Poco a poco voy saliendo, la ciudad aun está desperezándose y se puede andar tranquilo. Adelanto a los franceses, eso si que es animo, van con 3 niños pequeños. Salgo por la zona de las Universidades, el camino es agradable.

Paso los Zizures, he llegado hasta aquí por una especie de carril-bici pero a partir de ahora empiezan las pistas, y la subida seria a pesar de que todo a picado hacia arriba desde Pamplona. A medida que se va endureciendo la subida voy adelantando grupos de peregrinos, bendito timbre, algunos me animan.
Adelanto a una pareja que portean sus bicis y un poco más adelante a un par de señoras, no veo muy claro el que coronen… El reguero de peregrinos es impresionante.

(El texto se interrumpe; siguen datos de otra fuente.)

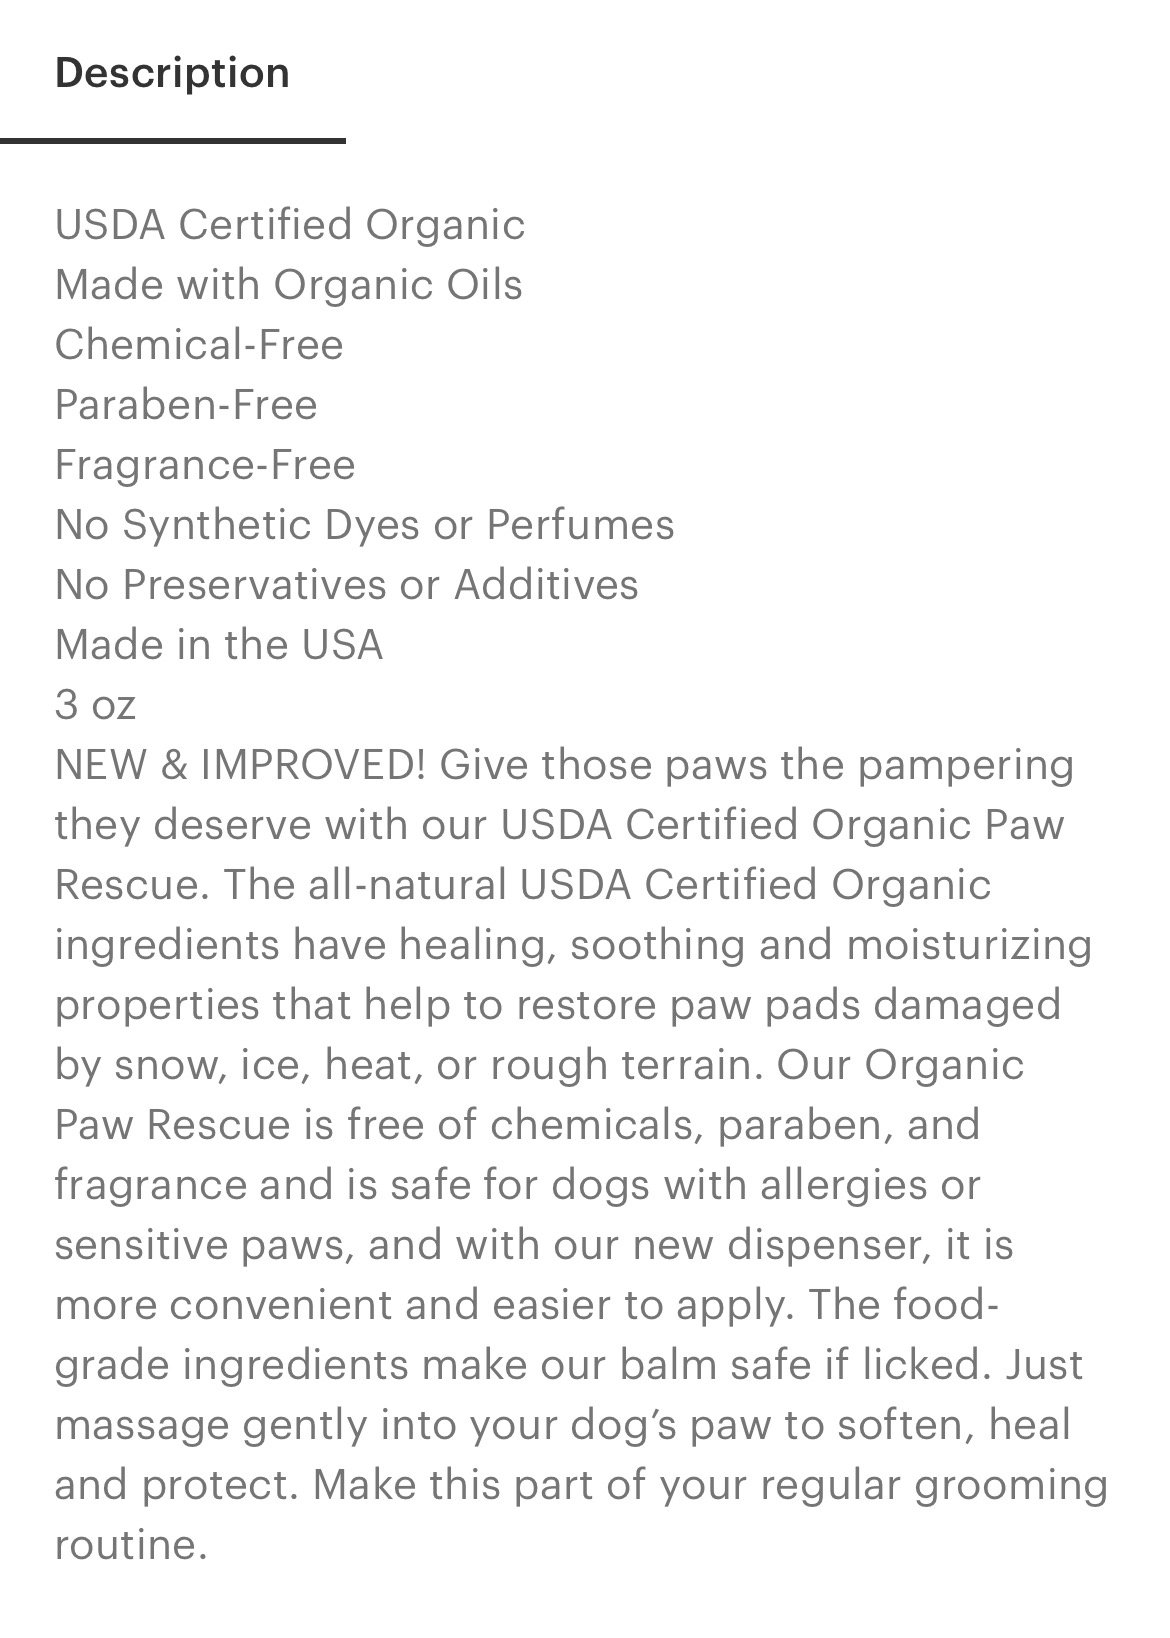 Image of Certified Organic Paw Rescue

Después de un cuestón que a duras penas consigo subir pedaleando (pero lo consigo) llego a Zariquiegui. Hoy el sol también aprieta
con ganas. Aquí relleno los botellines y como algo, me quedan los 3 kilómetros más divertidos de la subida hasta coronar “El Perdón”.

Un paisano que va en coche me aconseja que no suba por el camino, que no se puede, y menos que se me ocurra bajarlo. Pero lo voy a intentar.

El camino es complicadete pero mayormente ciclable, a excepción de unos cuantos tramos que me toca empujing. El resto molinete y a ritmo ti-ta-ti-ta... hasta que hago cumbre.

Impresionante vista, prácticamente de 360º, se ven todos los montes de alrededor. Las esculturas de los peregrinos también son cuando menos curiosas.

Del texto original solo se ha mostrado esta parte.